[Start of section]

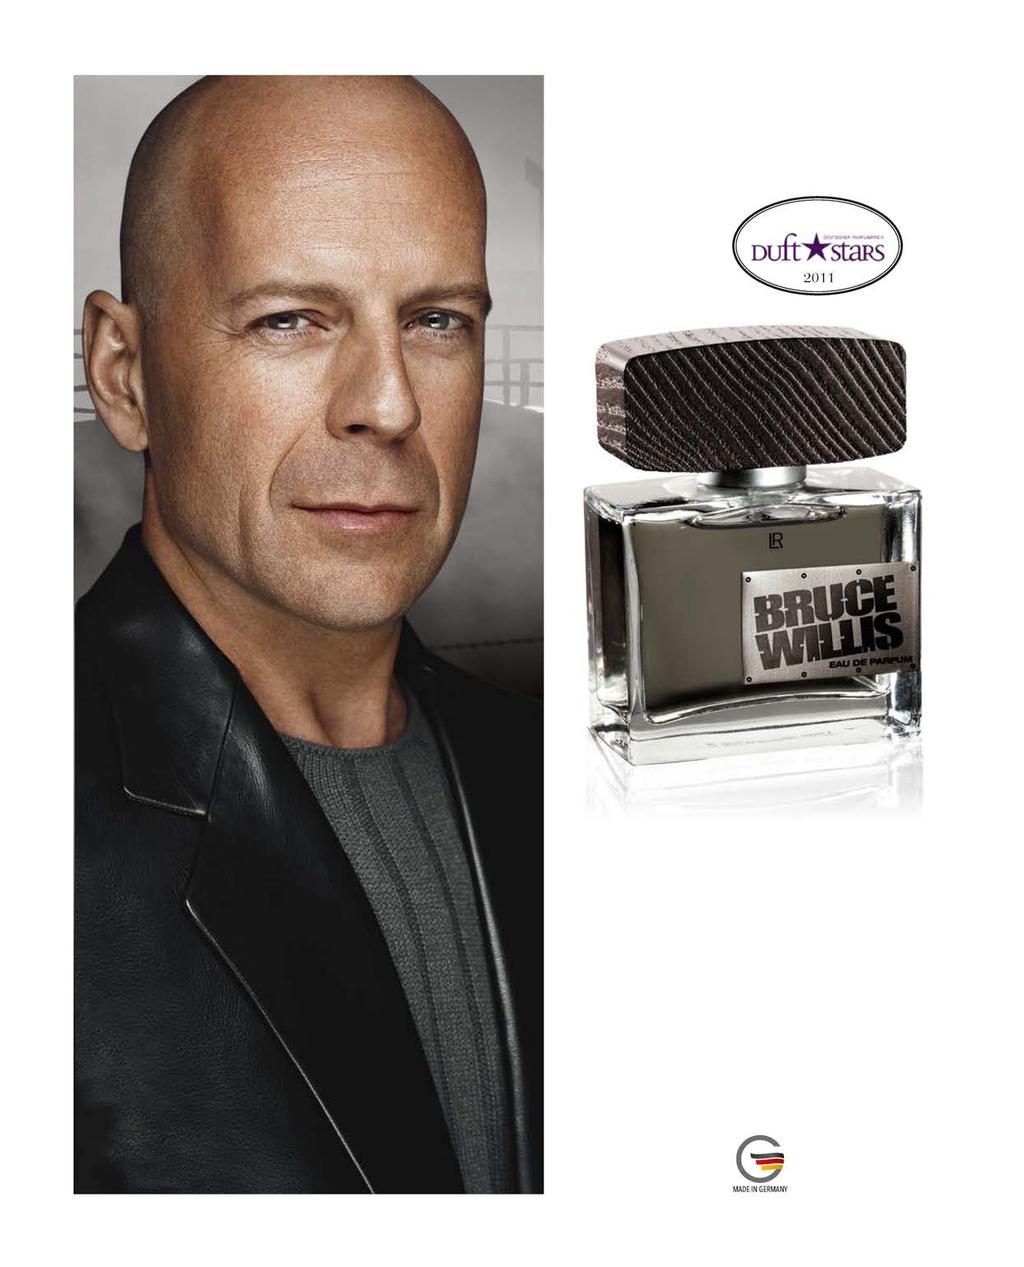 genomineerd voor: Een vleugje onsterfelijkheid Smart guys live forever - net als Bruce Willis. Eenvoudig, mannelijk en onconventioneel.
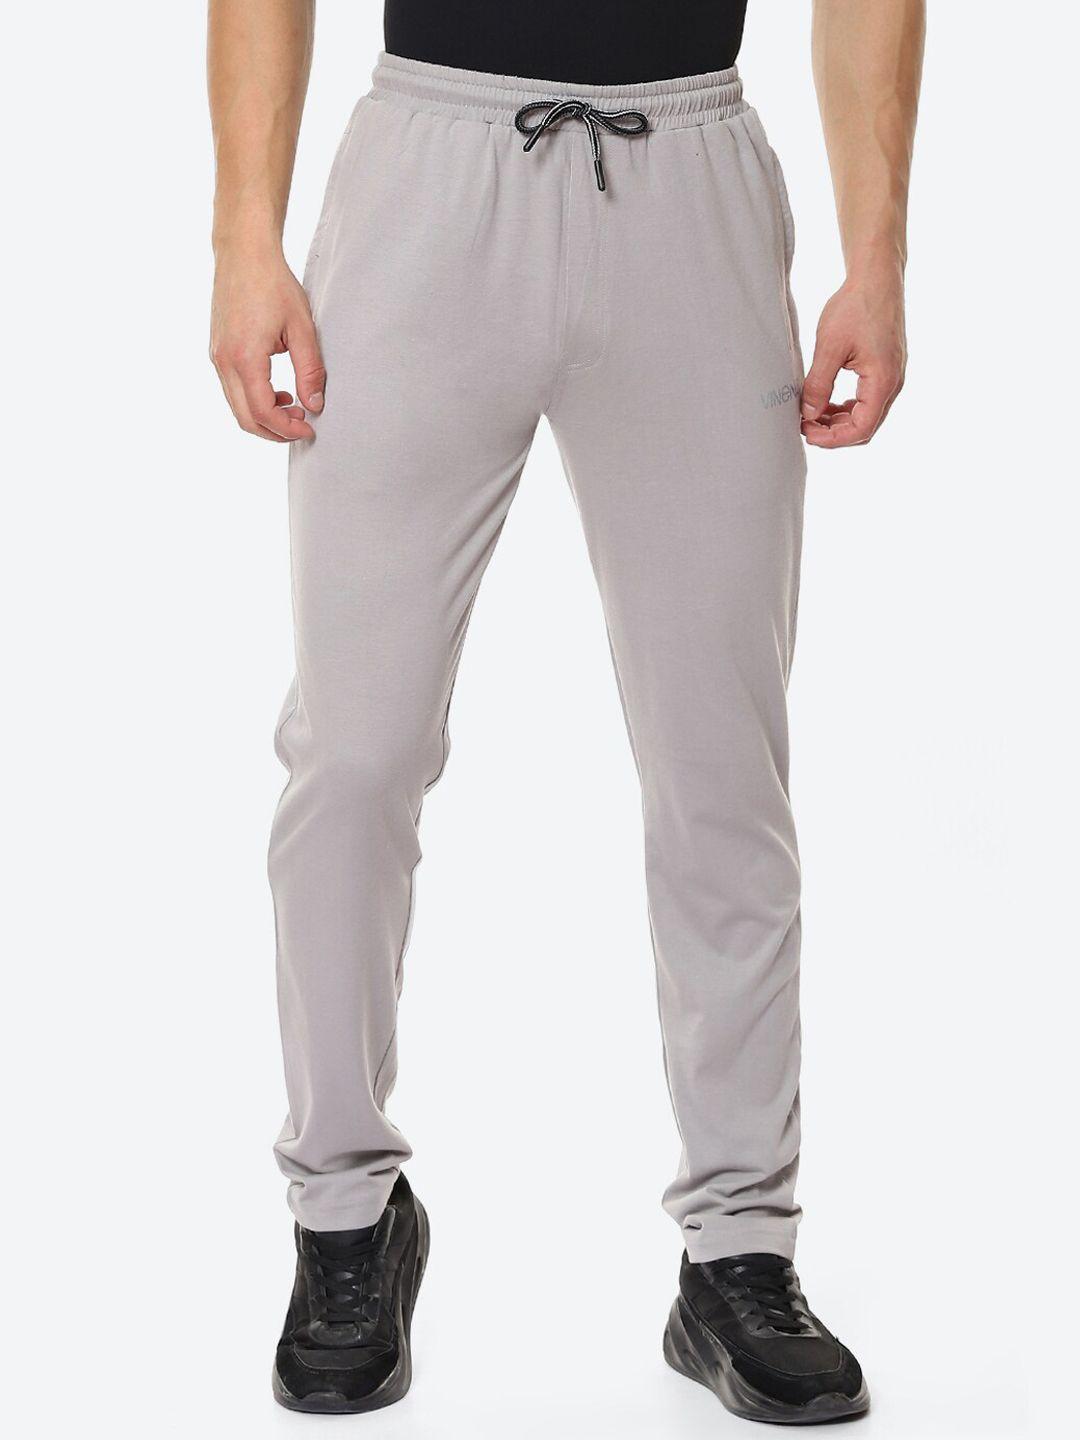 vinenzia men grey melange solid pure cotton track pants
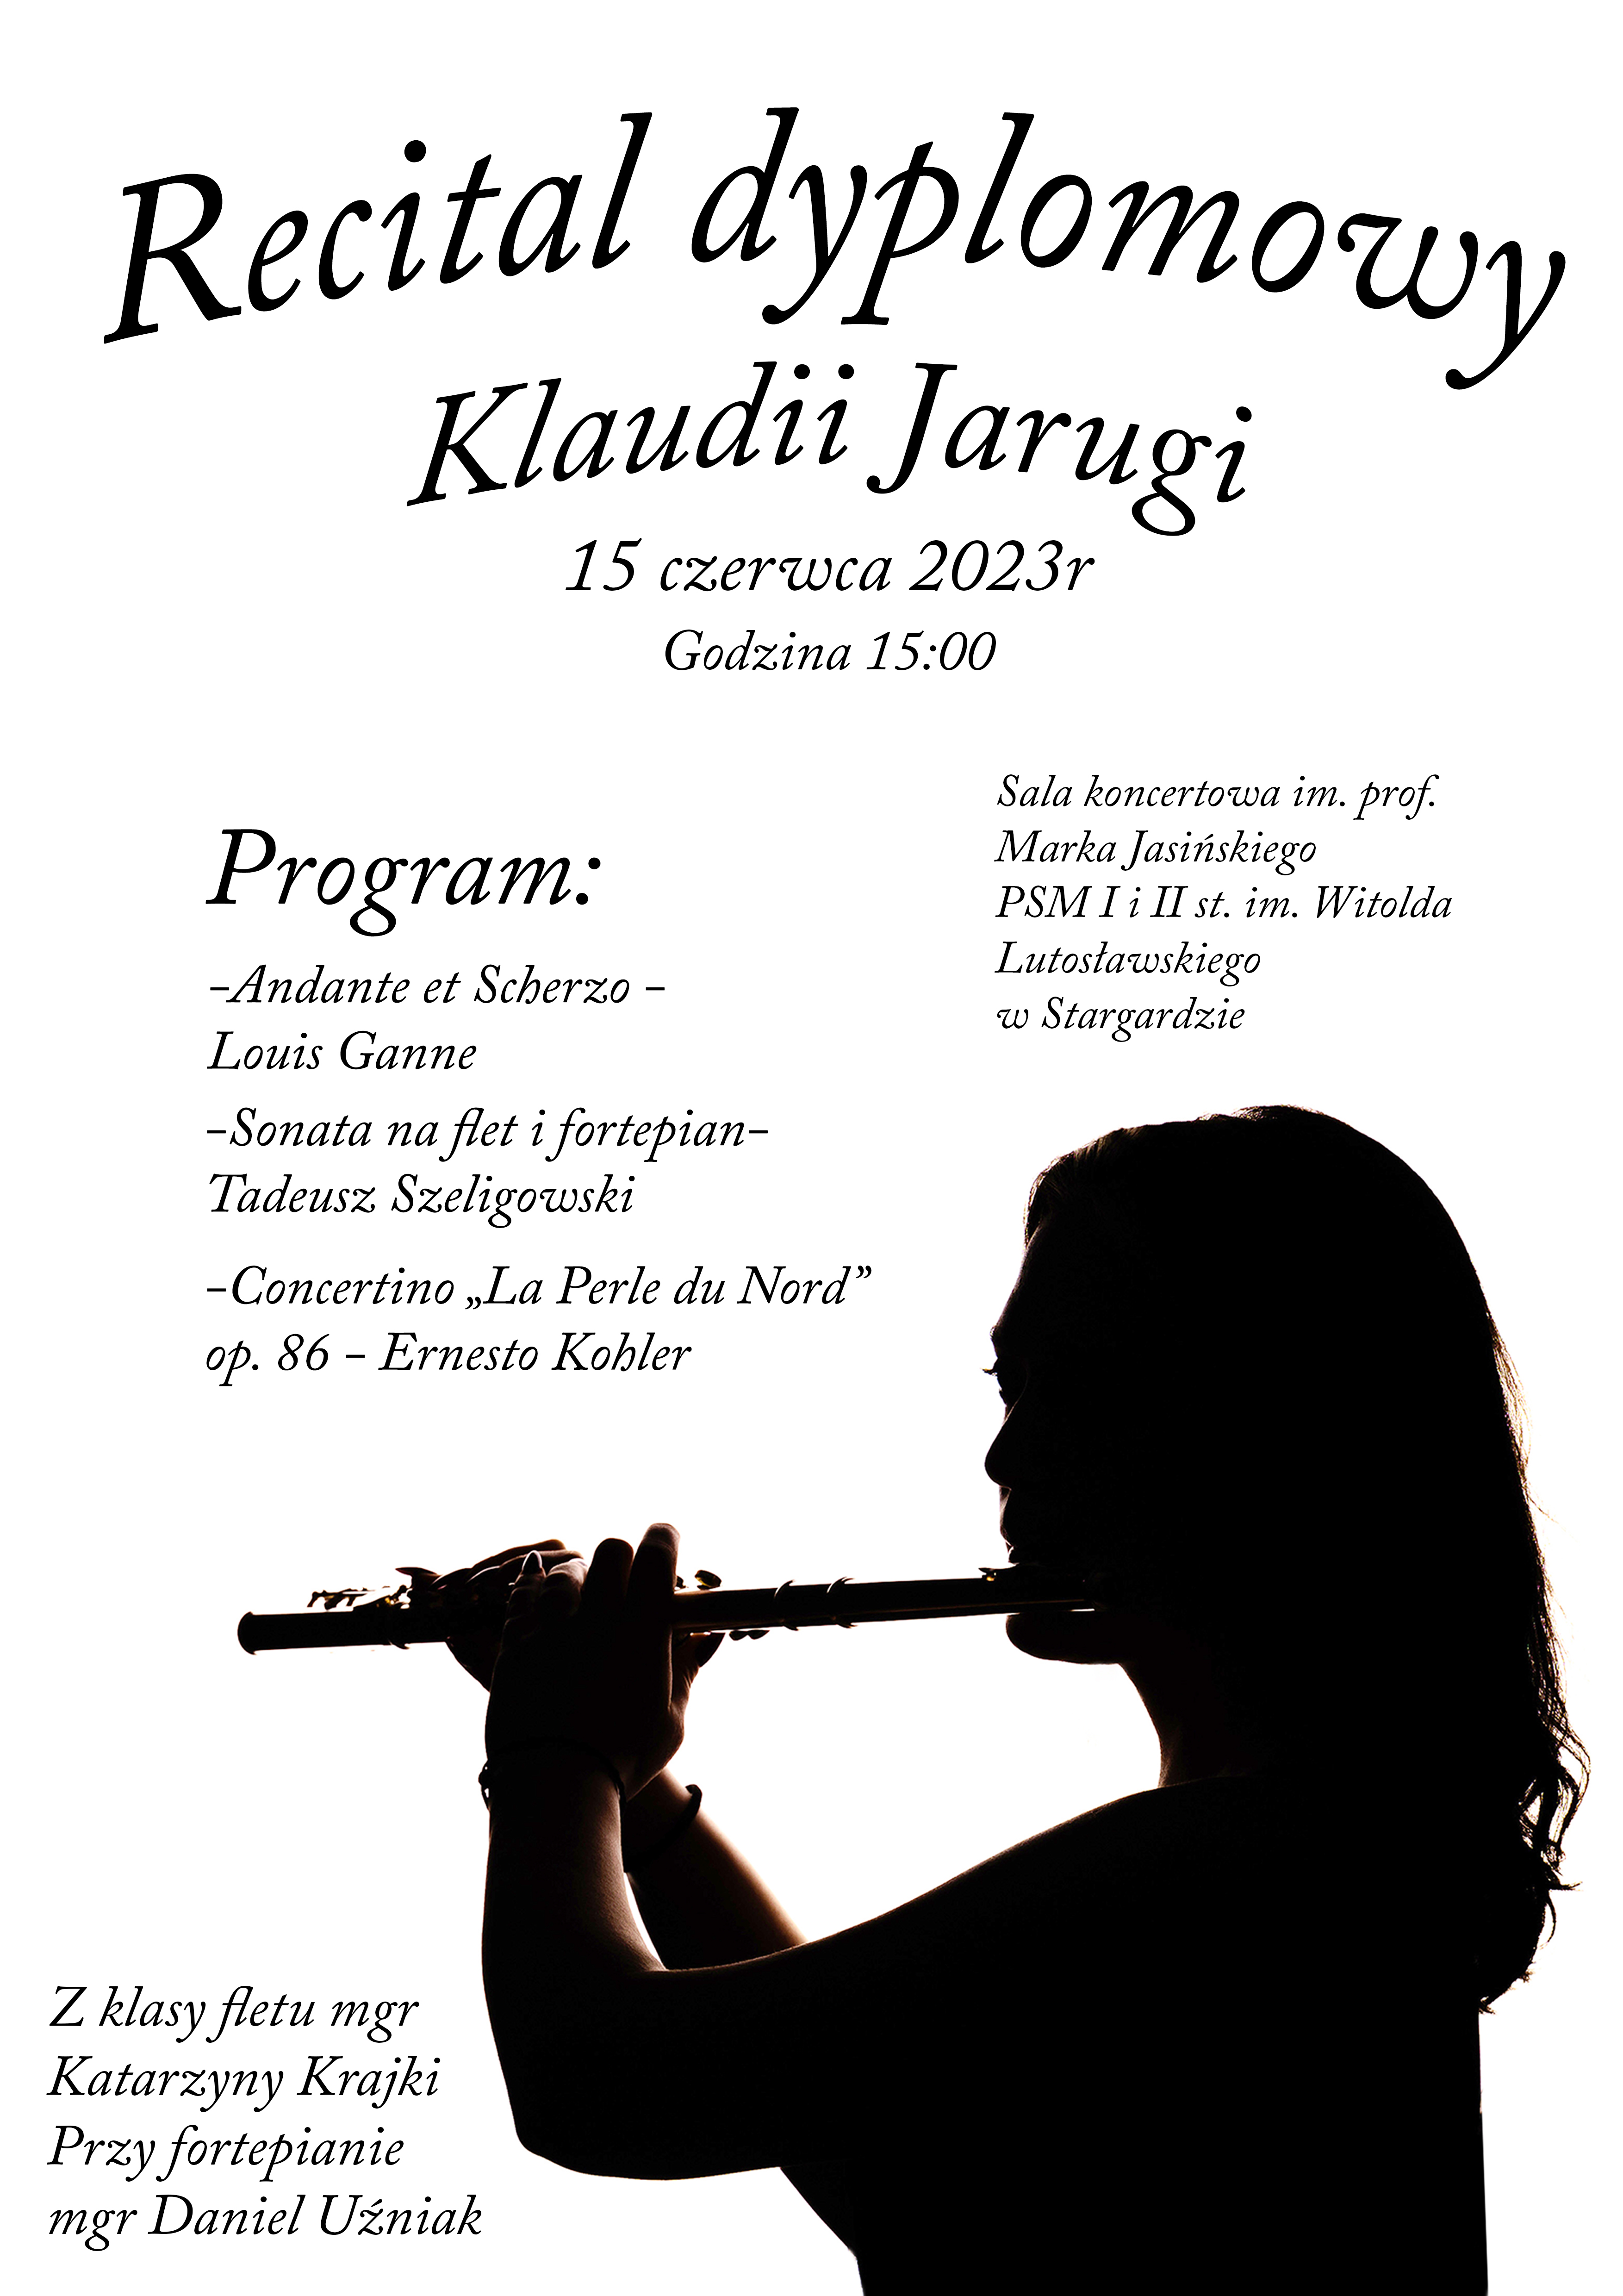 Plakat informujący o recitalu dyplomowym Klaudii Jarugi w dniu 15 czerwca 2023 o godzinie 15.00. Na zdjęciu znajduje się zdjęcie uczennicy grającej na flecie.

[End of section]

**What is being asked**
Beginning with the line containing "vinenzia men grey" and ending with the last line of the material, output each line exactly; do not include pictures.

**Result of this task**
 vinenzia men grey melange solid pure cotton track pants
 Plakat informujący o recitalu dyplomowym Klaudii Jarugi w dniu 15 czerwca 2023 o godzinie 15.00. Na zdjęciu znajduje się zdjęcie uczennicy grającej na flecie.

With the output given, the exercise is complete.